After 9 days of negotiations, the Annual Session of ICCAT 2022 concluded in Faro, Portugal, yesterday with the following outcome highlights:
Landmark outcomes were achieved for some species including for the bluefin tuna stocks in the north Atlantic and Mediterranean Ocean which, after 12 years of negotiations, now have adopted management procedures in place. These management procedures, which will be reviewed again in three years’ time, use key scientific indicators of stock status to calculate the total allowable catch (TAC). This agreed systematic procedure will alleviate many of the challenges associated with agreeing on a TAC, and will hopefully ensure the sustainable management of Atlantic bluefin tuna stocks into the future.
In parallel to the encouraging progress made for bluefin tuna stocks, negotiations on the measure for tropical tuna species, and this year specifically bigeye tuna, were difficult and the Commission could not reach consensus. Ultimately, an amended rollover of the previous measure (21/01), which was initially adopted in 2019, has been adopted. The rolled over measure maintains the previous TAC of 62,000 tonnes, with associated catch limits, and the previously agreed controls on the use of fish aggregating devices (FADs). The FAD measures, which include a limit of 300 FADs per vessel, a 72-day oceanwide FAD closure and the required use of non-entangling materials in FAD designs will continue to mitigate the harvest of juvenile tuna, bycatch, animal entanglement, habitat damage and pollution impacts caused on the largest scale by drifting FAD designs.
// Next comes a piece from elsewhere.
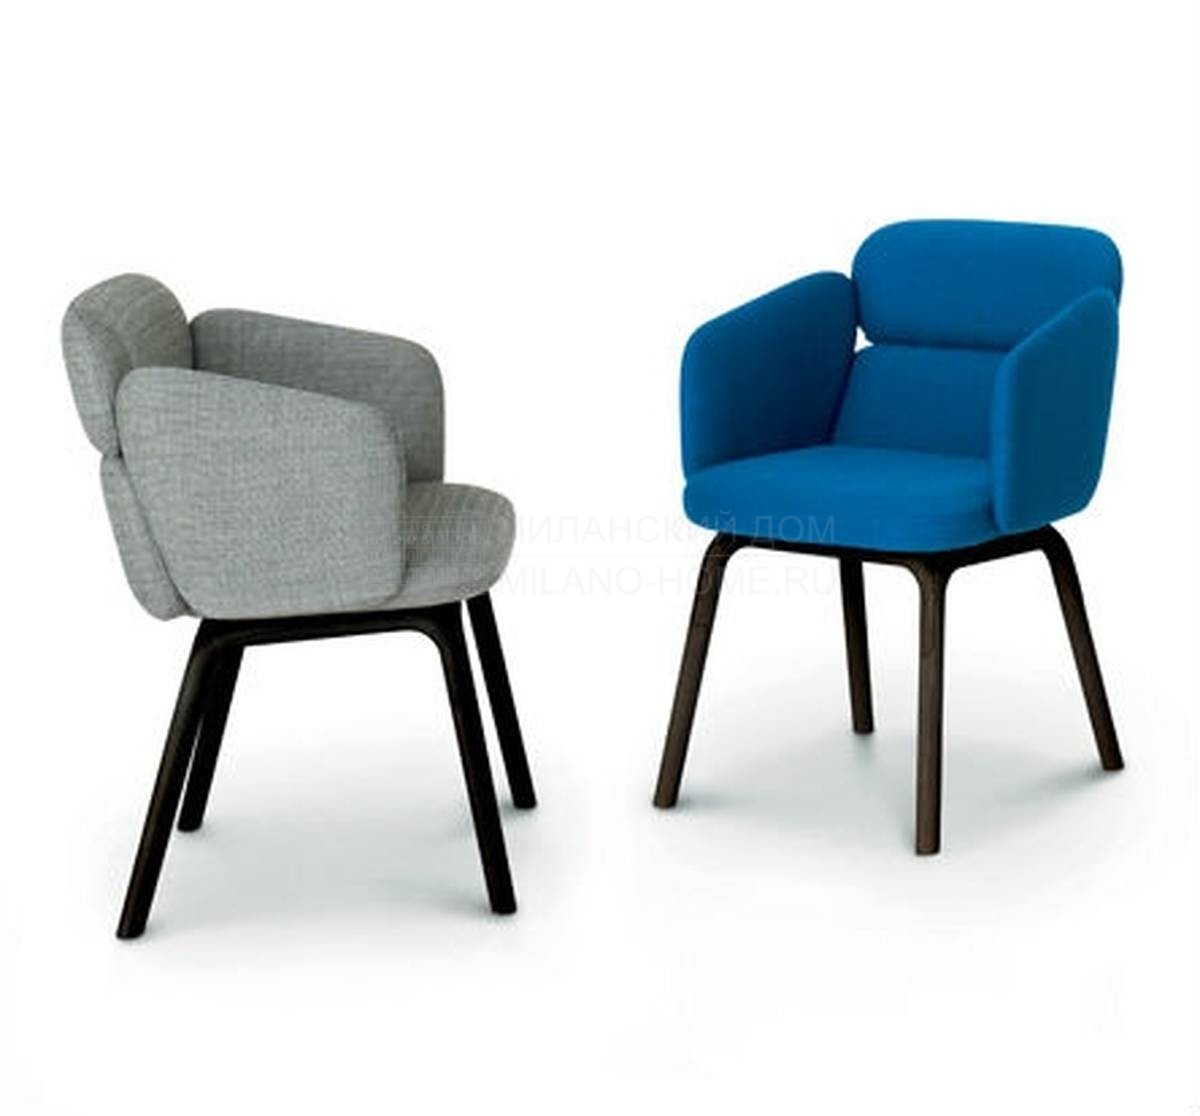 Полукресло Bliss chair из Италии фабрики ARFLEX

IPNLF are pleased to see that FAD measures have been maintained and that clearer direction has been given on the FAD data that fleets must submit. This will inform scientific developments and improve management measures to increase transparency of FAD use into the future. We hope that with clearer requirements on what data must be submitted to the Scientific Committee (SCRS), the Commission will be able to better understand and sustainably alleviate the impacts of FADs on juvenile tuna and broader ocean ecosystems. Nevertheless, there remains a long way to go to develop and adopt a new measure for tropical tuna in the Atlantic which will achieve truly equitable, sustainable fisheries management for these stocks, with an ecosystem approach. In addition, it is important for tropical tuna that the Commission upholds its commitment to develop Harvest Control rules (HCRs) for bigeye, yellowfin and skipjack tuna.
Other key achievements included an increase in catch limits for the south Atlantic albacore stock in response to improvements in the stocks status which will be of great benefit to small-scale, one-by-one fisheries in the south Atlantic Ocean. In addition, the Commission adopted new measures to protect mako sharks in the southern Atlantic Ocean by ending overfishing and improving the status of the stock, as well as a resolution on climate change, originally proposed by the United States. This, encouragingly, follows the adoption of a climate change measure proposed by the Maldives for the Indian Ocean earlier this year and is the first of its kind to be adopted by ICCAT. In line with the Maldives’ proposal, it mandates that the Commission invests in improving its understanding of climate change and considers the potential impacts of climate change on ICCAT target species and species in the rest of the ecosystem. This will encourage the Commission to take a more holistic ecosystem approach to fisheries management and we hope that similar steps will continue to be taken and expanded upon in other RFMOs.